The GAO indicated that the various grant programs had fragmentation, referring to circumstances where more than one agency was involved in the same broad area of need; overlap, occurring when multiple agencies have similar goals; and duplication, when multiple agencies have the same goal and activities.
The report recommends that the National Economic Council develop and implement a national broadband strategy “with clear roles, goals, objectives, and performance measures to support better management of fragmented, overlapping federal broadband programs and synchronize coordination efforts.”
While some fragmentation and overlap is necessary to complement existing programs, said the report, other cases where multiple agencies are involved “can create barriers for program applicants or inefficiencies in service delivery.”
The report highlighted an overall concern that federal programs are a patchwork of grants that is unorganized and ineffective. “Overlap and duplication [can sometimes] occur because of incremental addition of programs over time to respond to new needs and challenges, without a strategy to coordinate efforts and effectively manage them.”
Lags between application and deployment times across different programs also present opportunity for duplication, the report said. The GAO warned that this can negatively affect program outcomes, implementation and cost-effectiveness.
Current efforts
The NEC leads regular broadband coordination meetings with the National Telecommunications and Information Administration that focus on avoiding duplication with other federal agencies.

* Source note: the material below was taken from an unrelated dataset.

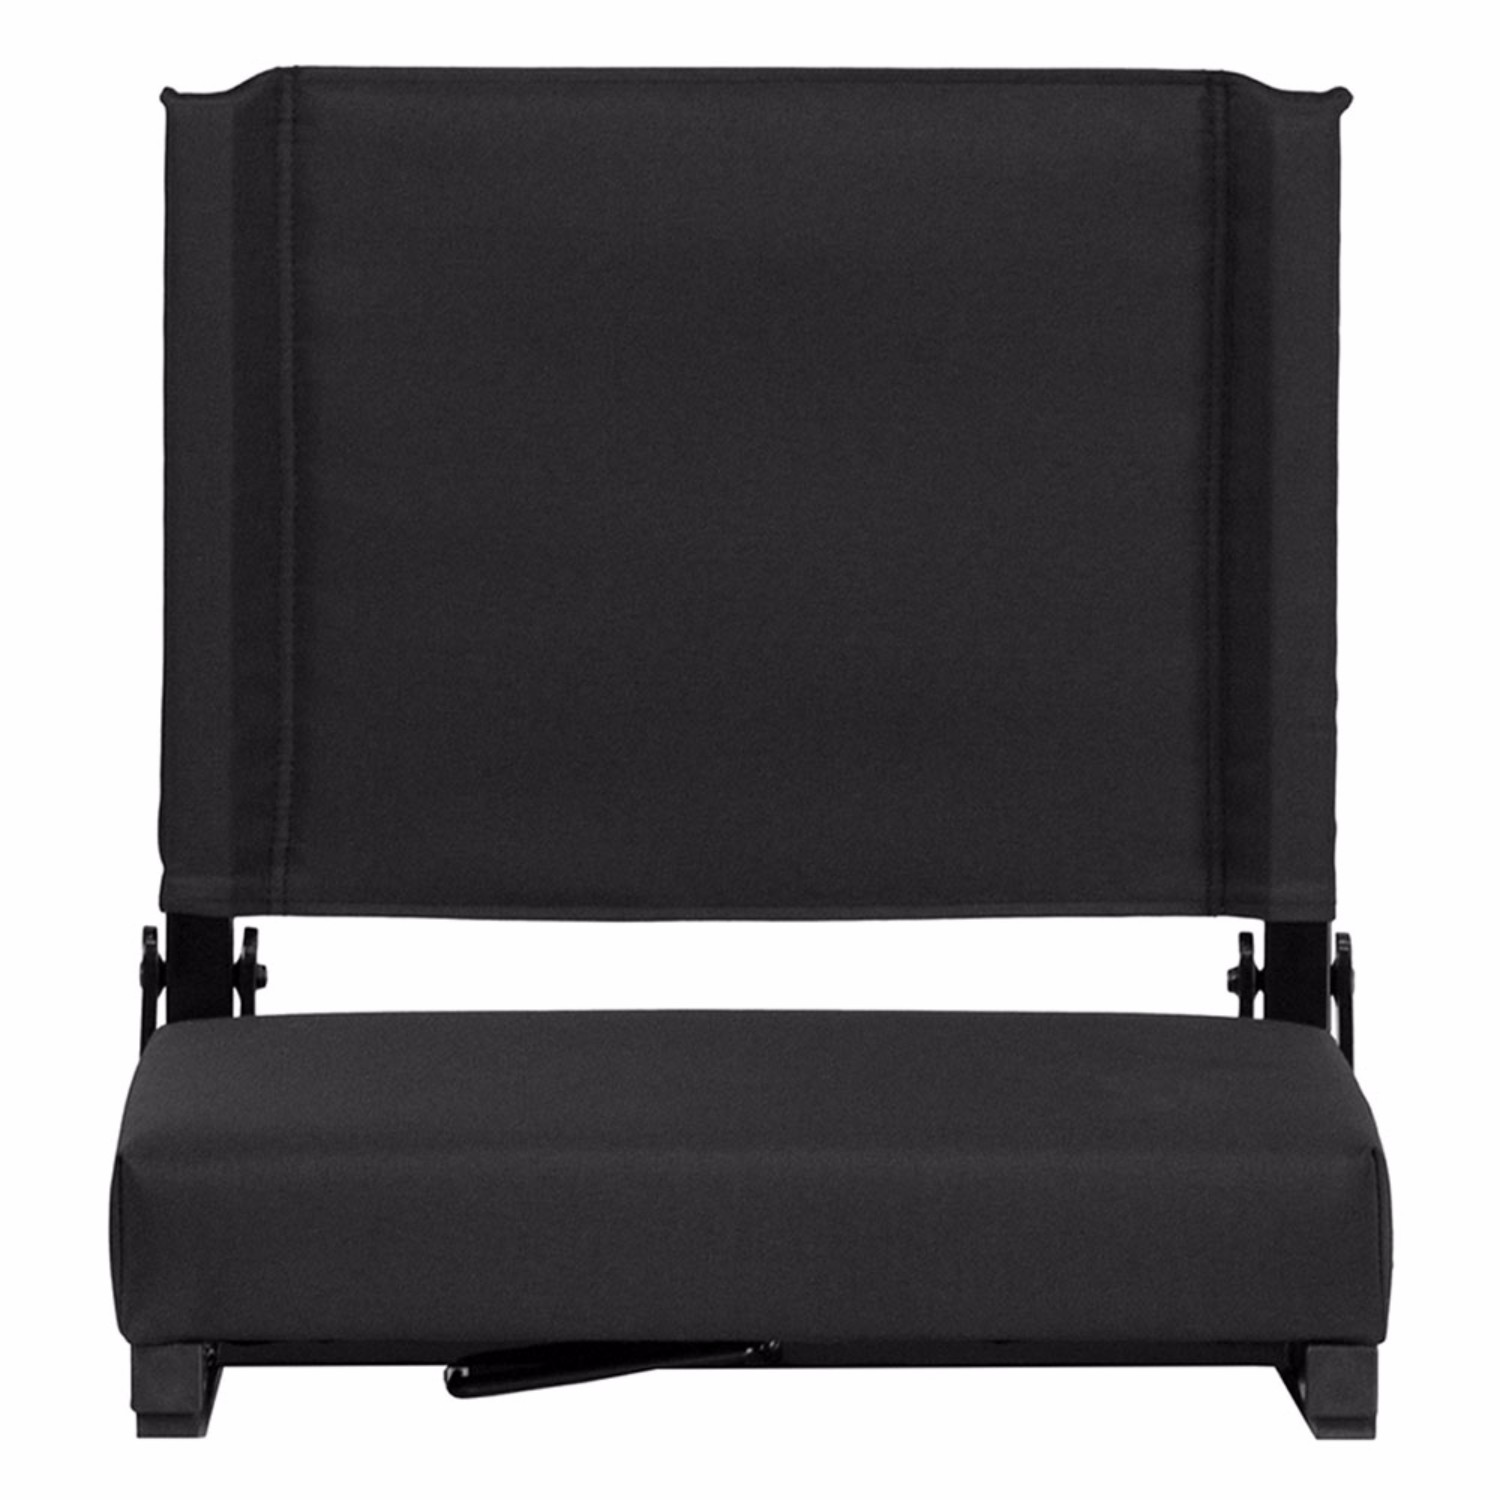 Grandstand Comfort Seats by Flash with 500 LB. Weight Capacity Lightweight Aluminum Frame and Ultra-Padded Seat in Black

The executive leadership team of the American Broadband Initiative, an interagency working group, was established to address individual agency actions and serve as an information-sharing venue.
Furthermore, the Infrastructure, Investment and Jobs Act includes a new interagency coordination provision that requires the NTIA to coordinate with other agencies when implementing new programs or mapping efforts. It will be expected to establish program definitions and determine how funds complement other programs.
To that end, the GAO also calls for the NTIA to identify the statutory limitations preventing program alignment.
The GAO report said that “implementation of these requirements is still forthcoming and NTIA is assessing the new coordination requirements.”
The IIJA does not require the NTIA or any other federal agency to develop a national broadband strategy.
Agencies are not unaware of this issue. Many are working to coordinate with other programs to reduce duplication but claim that “some statutory specifics within programs limit the agencies’ ability to more effectively align their programs,” the reports said.
“Some stakeholders,” continued the report, “said it can be challenging to use programs together to boost overall broadband access, often because programs are targeted to specific needs or have certain restrictions.”
The NTIA’s Office of Internet Connectivity and Growth is developing a 2022 internal workplan for interagency coordination but it will “not be a strategy for the office as a whole.” This comes a decade after its outdated 2010 national broadband plan.